ROI generated by the perception of an applicant’s ability to “cross disciplines,” and then actually being able to do it effectively
Teaching effectively, and the ability to avoid teaching badly, requires that a faculty member possesses the ability and the will to engage in continual learning processes that inform and are informed by her own discipline, and, more recently, a broad spectrum of others like the social sciences, marketing and some aspects of computing and information science. Learning to incorporate understandings from disciplines outside your own into your teaching, and placing students in learning situations where they learn to construct rather than merely perform knowledge are being increasingly sought after by academic search committees. This can allow specific departments, and areas within departments, to seek funding derived from projects undertaken by faculty-led teams of students sponsored by public and private sector companies, philanthropic organizations, alumni and alumni groups and community foundations. Bringing funding into your area, department, college or school = ROI generated (at least in part) by you. Applicants for faculty positions who are capable of planning and operating these types of projects stand a much better chance of “making the cut.”
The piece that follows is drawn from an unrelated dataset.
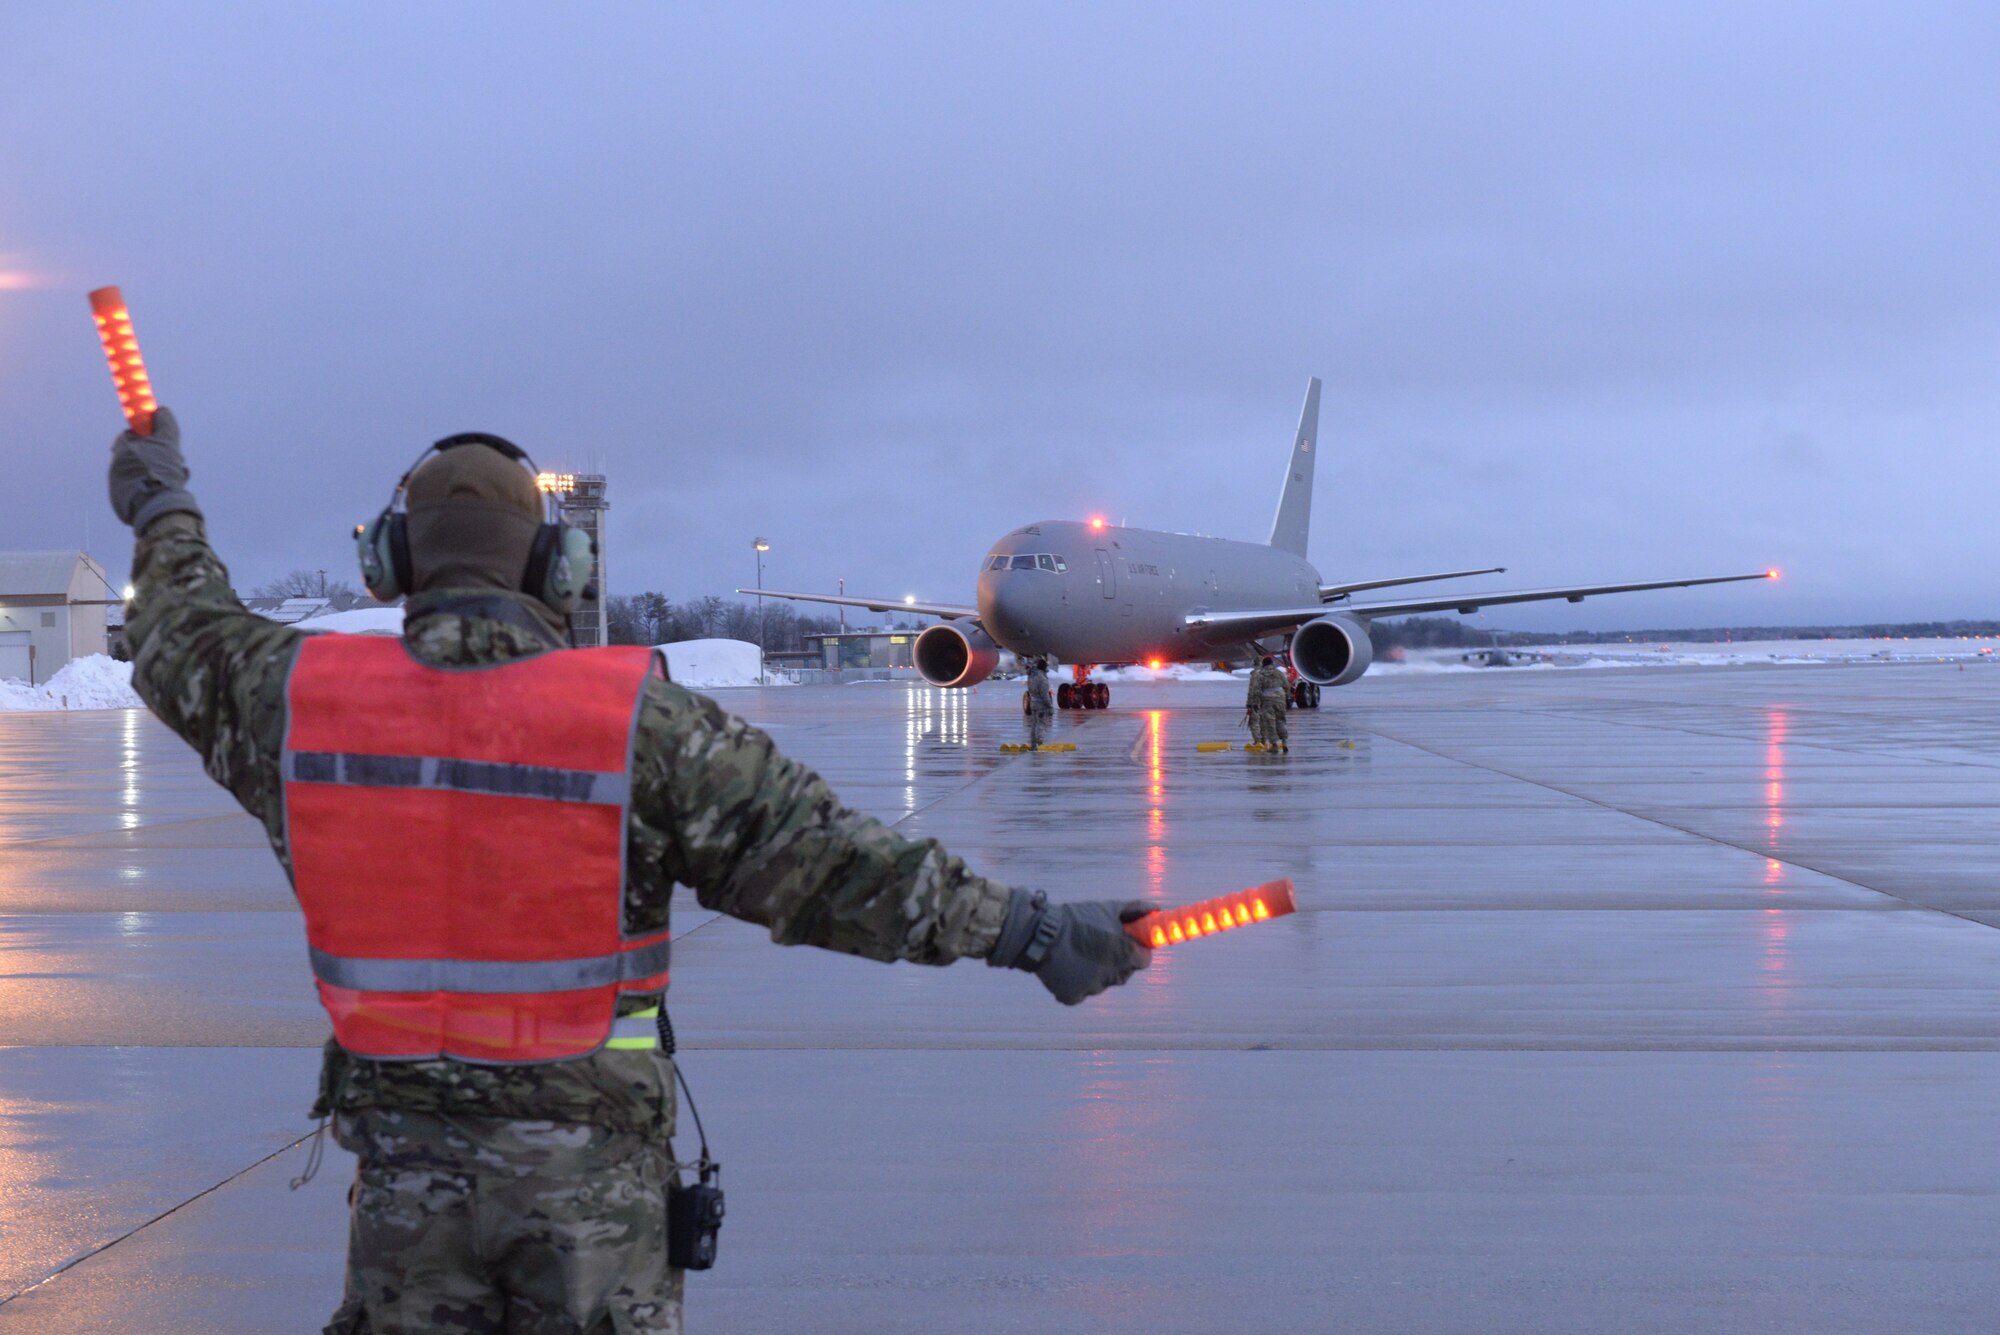 New Hampshire Air National Guard Staff Sgt. Joseph Chase, a flightline crew chief with the 157th Maintenance Squadron, marshals the Wing's fifth and newest KC-46A Pegasus air refueling tanker upon its arrival from Boeing, Feb. 7, 2020. Pease is slated to receive another seven aircraft in 2020. (U.S. Air National Guard photo by Tech. Sgt. Aaron Vezeau)

ROI generated by an applicant’s ability to “broadly spread” her knowledge of design across her institution
Faculty members who can teach courses that allow students from their discipline to coalesce with students from other disciplines, and, in so doing, create more broadly informed learning experiences for all of the students involved, also have the potential to increase some aspects of their institutions’ ROIs. This is being fueled by the demand across more institutions of higher learning for people who possess the ability to think as designers think, to analyze the functions of multiple models and prototypes to inform decision-making, to engage in iterative, experientially informed processes, and to invent when innovation fails to improve or ameliorate. People who can teach these skills and understandings to students who graduate and then use them to earn more money and to afford themselves a greater array of life and career opportunities are now becoming more highly valued by institutions of higher learning, and this trend isn’t showing signs of wavering. Designers and other university-level faculty who can work across disciplines also have greater opportunities to seek and secure funding in the contemporary American fiscal landscape to support their creative activity, scholarship and research. If your application materials provide evidence of you having done things like this, or having the potential to do them in the near future, you’ll also bolster your chances of being added to many institution’s short lists for potential hires.